# How to unsubscribe from 57080



## Ham Slicer (7 Aug 2005)

You may have seen the advertisement on TV of late offering €10 free phone credit for sending a text to 57080.

My niece fell for this and now is afraid that she will be bombarded with text messages at €2 a go offering special offers etc.

Anybody know how to unsubscribe?


----------



## CCOVICH (8 Aug 2005)

Reply using 'unsub' or 'unsubscribe' should do the trick.  Does the SP have a website you can check?


----------



## Ham Slicer (8 Aug 2005)

thanks, that worked apparently....it seems they make their money by texting a winners full name and address to everyone subscribed....and charge you 2 euro for this.......


----------



## Lorraine (23 Aug 2005)

family mobile also suffer from this 'affliction' the number the message comes from is *353863810410* saying Joe Bloggs, of wherever is this weeks winner of super prize of Euro1000 etc., and costs 2 euro on receipt of message but when a reply is sent  'unsubscribe' a message from *353866060876* is received that says 'the list that you have tried to unsubscribe to does not exist' any ideas what to do. . . .thanks


----------



## Thirsty (27 Aug 2005)

You need to send the unsubscribe message to the short code (57080).  Failing that check the ComReg site and you can get a name and address for the operator for that short code - send a letter to the operator and copy it to ComReg.


----------



## daftdave (1 Dec 2006)

Texting unsub or ubsubcribe didn't work for me but texting just the word stop did. They are working within fairly loose regulations that need to be tightened up severly. Put in complaint to [broken link removed] and help put them out of business.


----------



## rmelly (1 Dec 2006)

and get your niece's parents to give some guidance on mobile phone usage


----------



## Technologist (1 Dec 2006)

daftdave said:


> Texting unsub or ubsubcribe didn't work for me but texting just the word stop did. They are working within fairly loose regulations that need to be tightened up severly. Put in complaint to [broken link removed] and help put them out of business.


Don't hold your breath though.
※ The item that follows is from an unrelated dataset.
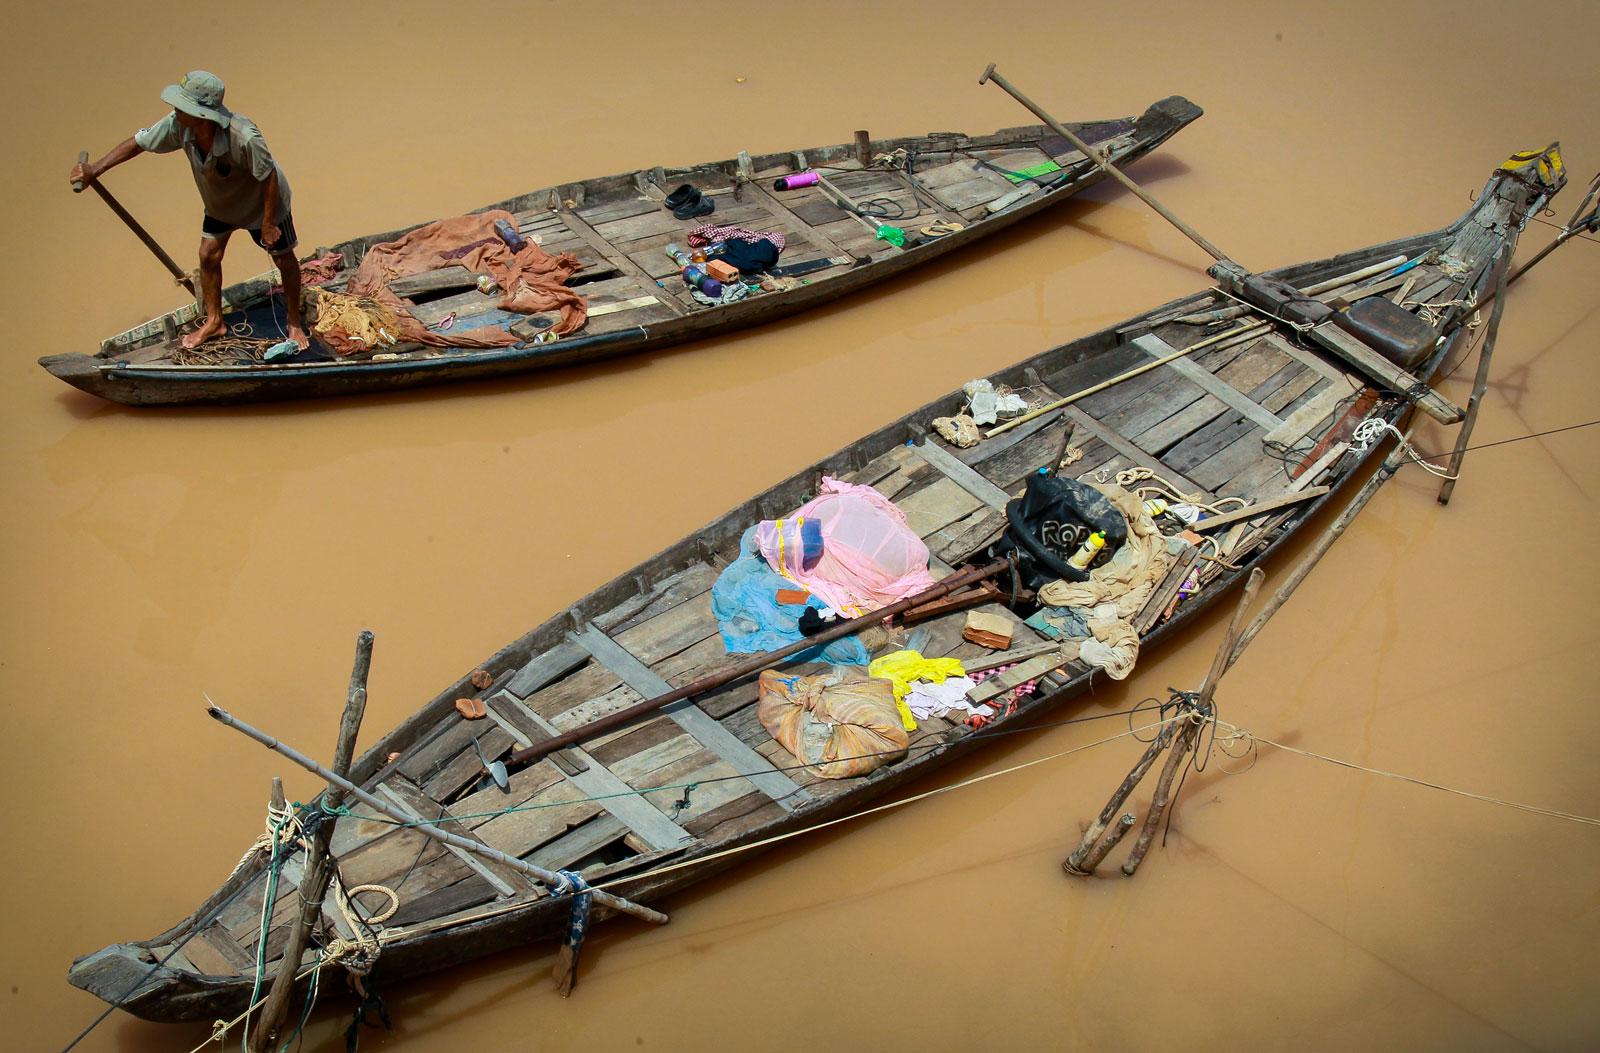 A fisherman on the Mekong River in Phnom Penh. Photo: EPA/Mak Remissa

I put in a number of complaints a bout a year ago & it's clear that they don't prooperly check the identiity of the people operating the numbers they licence. By the time they react, the scammers have flown with the money.

The law here is way to lax & favours the premium rate operators too much. They're allowed hide behind aliases and post-office box numbers.

In the UK, the income from premium rate numbers is held in escrow, for a month, I think, this allows more time for a scam to be discovered, the money can be seized and returned to the consumers.

Personally, I treat all premium-rate numbers as scams.


----------